Exclusion criteria filter out people whose participation could skew results or put them at risk. Someone with a second major health condition, an inability to attend follow-up appointments, or a high likelihood of dropping out might be excluded. These rules aren’t arbitrary. They exist to protect participants and to make sure the data is clean enough to draw reliable conclusions from.

Diversity in clinical trials has become a growing priority. The FDA now requires sponsors of certain clinical studies to submit diversity action plans outlining how they will recruit participants from underrepresented populations. Historically, many trials enrolled mostly white men, which left gaps in understanding how treatments work across different demographics.

How Participants Are Protected

Clinical research involving people is governed by layers of oversight designed to prevent harm and ensure ethical treatment. Before a study can begin, it must be reviewed and approved by an Institutional Review Board (IRB), an independent committee that evaluates whether the potential benefits of the research justify the risks. The IRB checks that participants will be selected fairly, that the study design minimizes danger, and that every volunteer gives informed consent before enrolling.

Informed consent means you receive a clear explanation of what the study involves, what the risks are, what alternatives exist, and that you can withdraw at any time without penalty. It’s not a single signature on a form. It’s an ongoing process throughout the study.

For larger or higher-risk trials, an additional body called a Data and Safety Monitoring Board reviews results while the study is still running. This independent group examines interim safety data at scheduled intervals and can recommend pausing or stopping a trial early. That might happen if participants are experiencing unexpected harm, if the treatment is clearly working and it would be unethical to keep giving some people a placebo, or if outside scientific developments change the risk calculation. The board defines specific triggers for these reviews before the study begins, so decisions aren’t made reactively.

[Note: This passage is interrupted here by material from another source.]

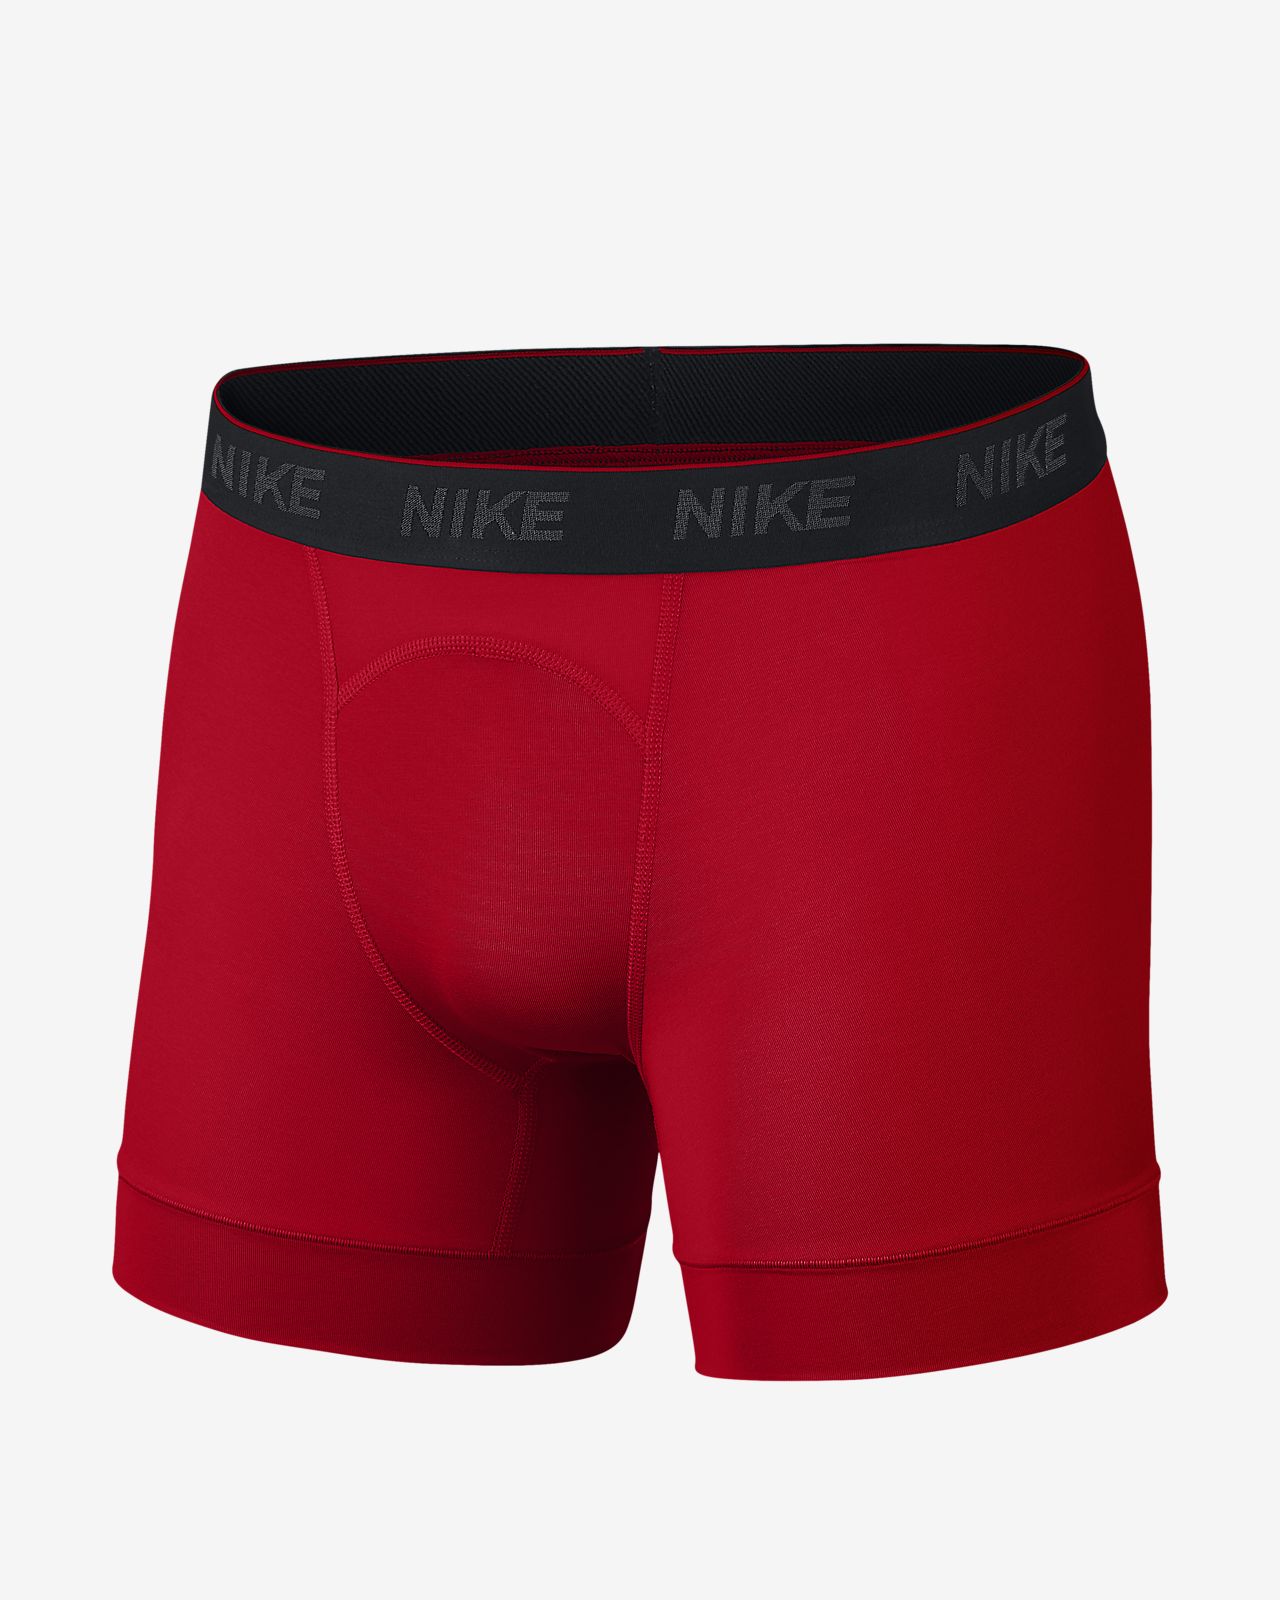 Nike Pro Compression Shorts Size Chart

Who Pays for Clinical Research

Clinical research is expensive, and funding comes from several sources. The National Institutes of Health is the world’s largest public funder of biomedical research, investing nearly $48 billion annually. Pharmaceutical and medical device companies fund a large share of clinical trials, particularly the later-phase studies needed for regulatory approval. Academic medical centers, nonprofit organizations, and international health agencies also sponsor research, often focusing on diseases that may not attract private investment.

The funding source matters because it can influence what questions get studied and how results are reported. Publicly funded research tends to focus on broader health questions, while industry-funded trials are typically designed to support a product’s path to market. Regulatory agencies require that funding sources and potential conflicts of interest be disclosed.

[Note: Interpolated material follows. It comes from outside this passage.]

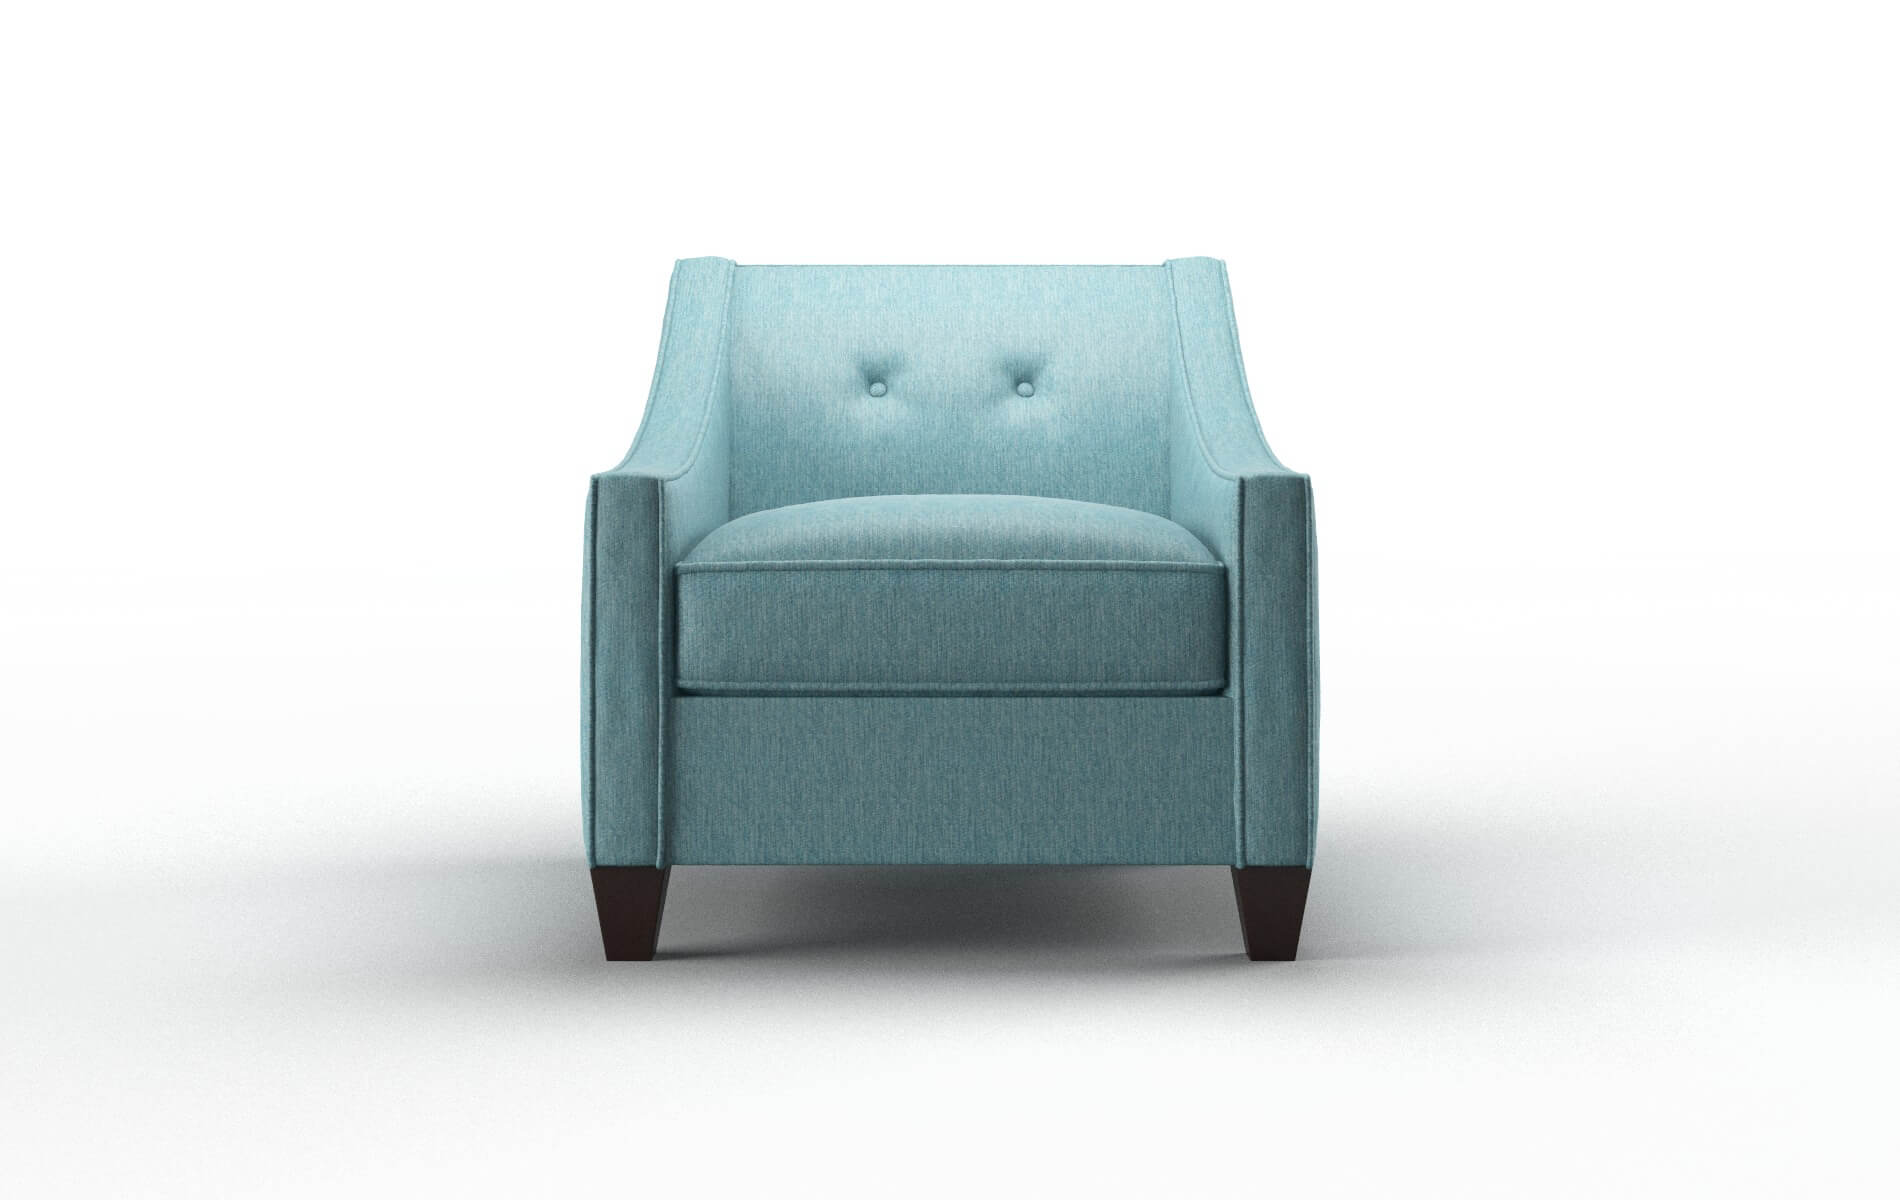 Berlin Cosmo Turquoise chair espresso legs

How Clinical Research Is Changing

Traditionally, participating in a clinical trial meant regular trips to a hospital or research center for check-ins, blood draws, and assessments. That model is shifting. Decentralized clinical trials move some or all study activities to participants’ homes and local healthcare facilities. Researchers recruit through social media, ship study medications directly to participants, collect health data through wearable devices, and conduct check-ins via telemedicine.

Fully decentralized trials eliminate site visits entirely, while hybrid models blend remote and in-person elements. These approaches can make participation more accessible for people who live far from major research centers, have mobility limitations, or can’t take time off work for frequent appointments. European and U.S. regulators are actively developing frameworks to ensure that decentralized trials maintain the same scientific rigor and safety standards as traditional ones.

The practical effect for participants is significant. A person in a rural area who previously would have been excluded simply by geography can now contribute to research that shapes the treatments available to everyone.